3 ноября, пятница. Сегодня мои птицы привлекли множество посетителей, среди которых были дамы и художницы, обладавшие как талантом, так и вкусом; а среди многочисленных джентльменов пришел профессор Джеймс Вилсон, [94] натуралист, приятный человек, который пригласил меня пообедать в его коттедже на следующей неделе. Мистер Лизарз, который поистине является мой боевой лошадкой (mon bon cheval de bataille), очень старается мне помочь. В половине четвертого пришел добрый мистер Нилл, и мы вместе направились к его маленькому жилищу, милому месту, совершенно в стороне от города; славный сад, оранжерея, полная экзотических растений, а стены дома заселены тысячами воробьев, в безопасности укрывшихся в пышных зарослях плюща, которые лишь кое-где позволяют разглядеть, что постройка каменная. Острая пика цапли лежала на ее пушистой груди, пока она балансировала на одной ноге, молчаливая и неподвижная; мохноногая чайка требовала еду; баклан жадно проглотил ее; в то время как переваливающаяся олуша приветствовала своего хозяина, кусая его за ногу, маленькие бентамки и большой петух подпрыгивали за протянутым хлебом, верный голубь ворковал со своей робкой подругой, а огромная сторожевая собака с радостью терлась о ноги хозяина. Мы вошли в дом, там были и другие гости, и в веселом настроении мы сели за роскошный обед. Глаза искрились остроумием, смыслом, знаниями. Присутствовавший мистер Комб [95] лицом очень похож на нашего Генри Клея. Мой сосед, мистер Бриджес, [96] весь – олицетворение жизни; но после нескольких замечаний о птицах наших лесов он удалился, чтобы дать знать миру, что многие из них прибыли в Шотландию. Все единогласно сошлись на том, что я должен позировать для своего портрета мистеру Сайму [97] и что друг Лизарз должен выгравировать его для распространения повсеместно. По возвращении на квартиру мне преподнесли груши и яблоки местного урожая, размером чуть больше зеленого горошка; но ах! это одновременно неблагодарно и неучтиво.
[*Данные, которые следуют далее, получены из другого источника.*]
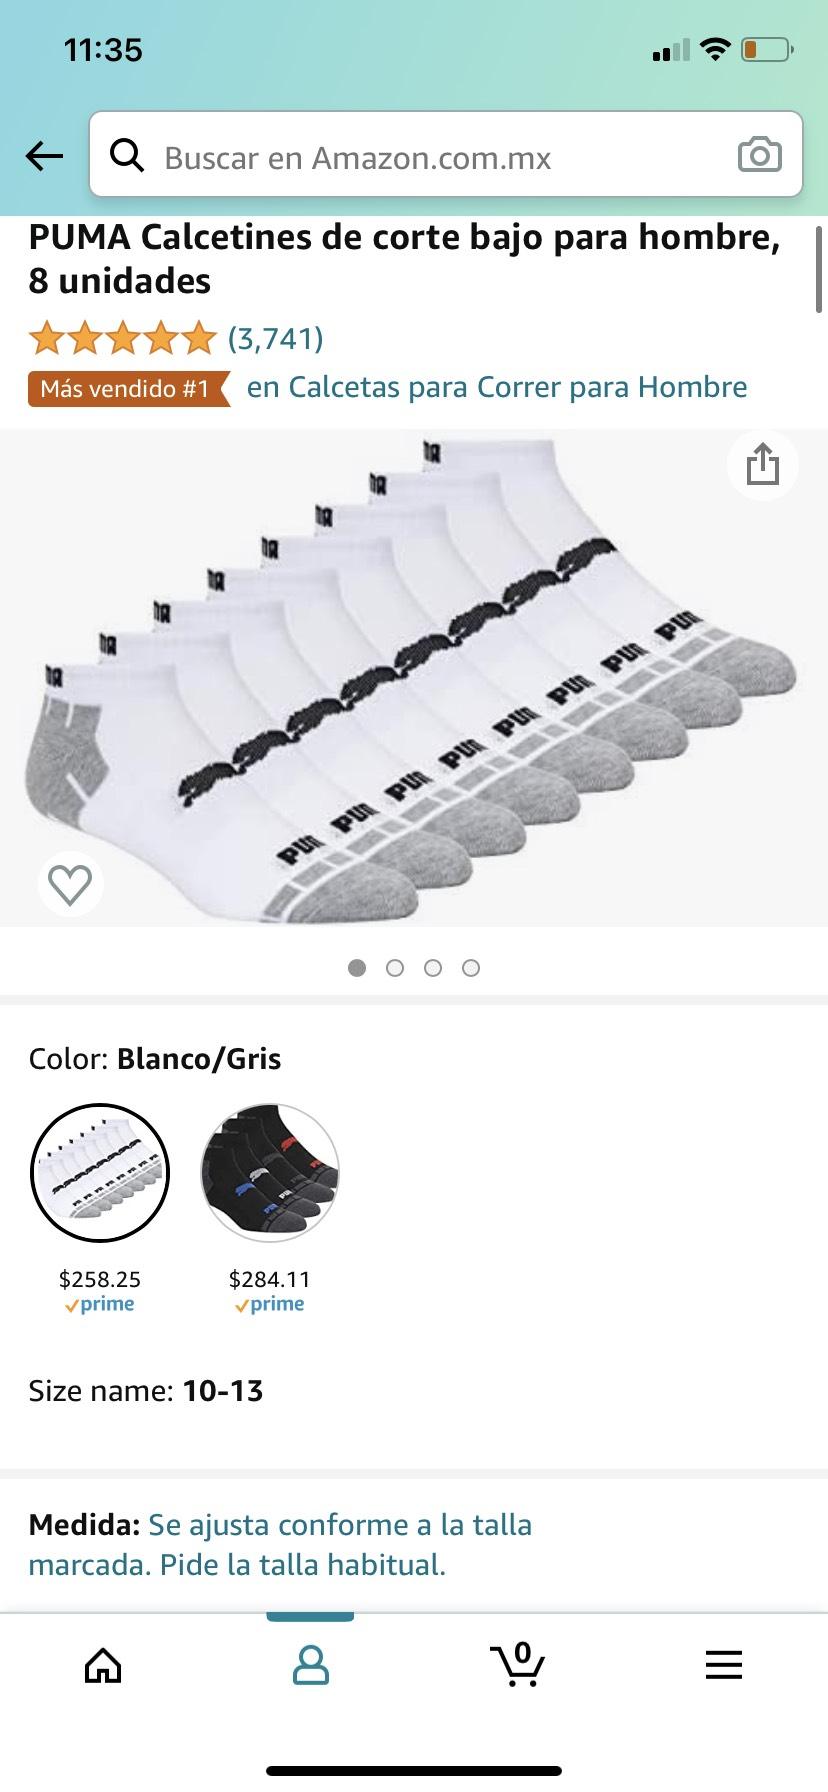 Amazon: PUMA Calcetines de corte bajo para hombre, 8 pares
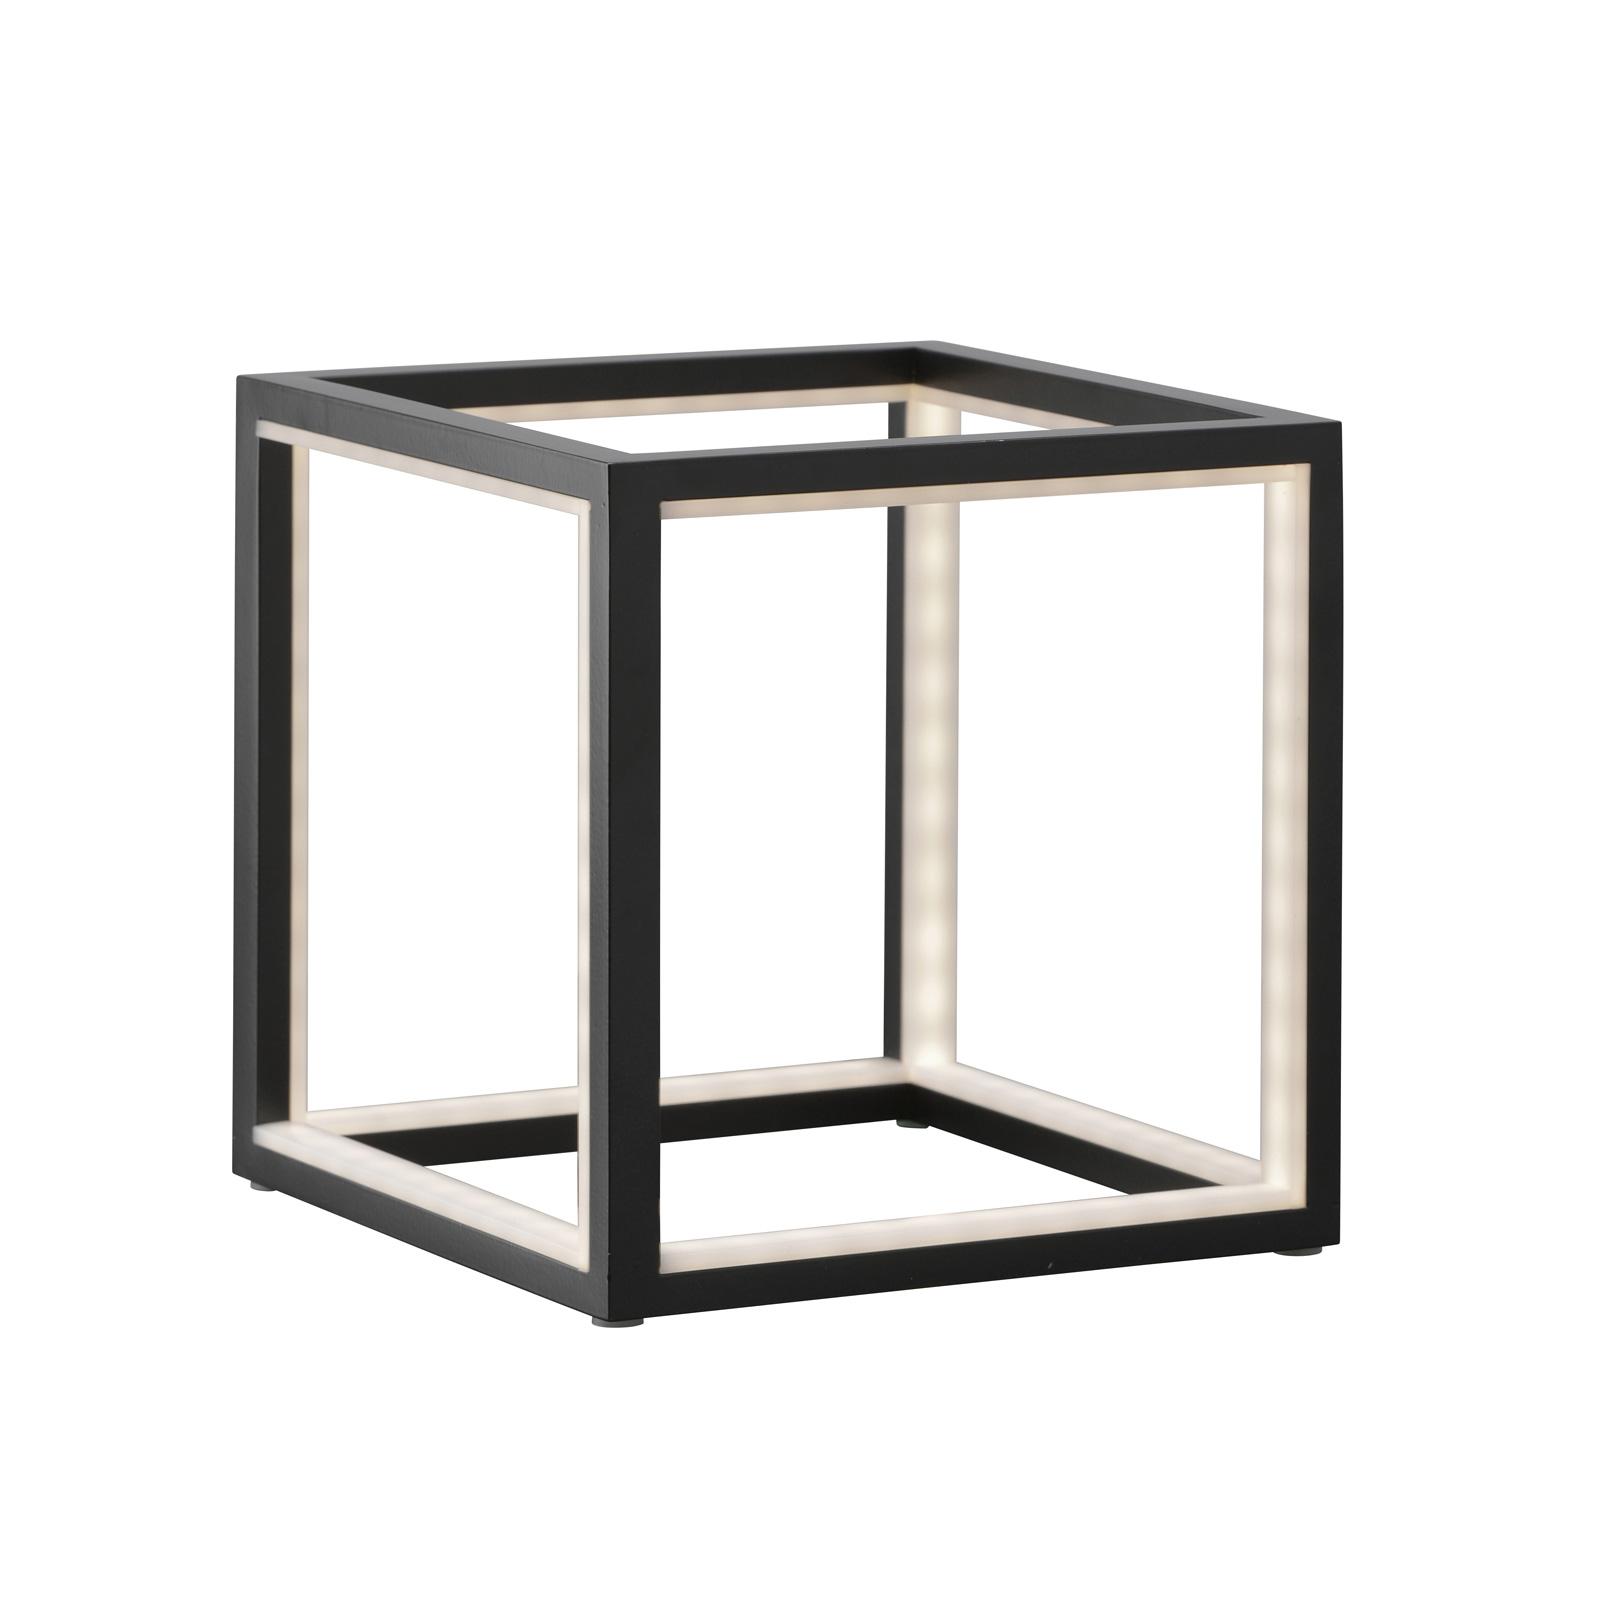 LED-Tischleuchte Delux, schwarz, 20 cm

Завтра я должен встретиться с каким-то лордом и мисс Стивенс; мои ученые друзья так страстно и так часто называли ее «этой восхитительной актрисой», что я меняю свое мнение или по крайней мере приостановлю его, пока не увижу ее ближе.
4 ноября, суббота. Обладай я способностями моего доброго друга мистера Бриджеса, я смог бы описать все то, что я чувствую по отношению к нему и к добрым людям академических залов этой романтической Эдины; я бы принялся за дело и написал длинные отчеты обо всем, чем наслаждался сегодня. Но, увы, бедный я! Я могу лишь набросать несколько едва понятных слов и просто сказать, что моя маленькая комнатка весь день была полна людей хороших, великих и дружелюбных, и сегодня вечером я очень устал; уже за полноть. Я обедал у мистера Лизарза, где были красавицы, музыка, веселье и остроумие. К тому же я упорно тружусь; сплю по четыре часа, веду обширную переписку, поддерживаю свой дневник и много часов пишу текст для моих «Птиц», который почти готов.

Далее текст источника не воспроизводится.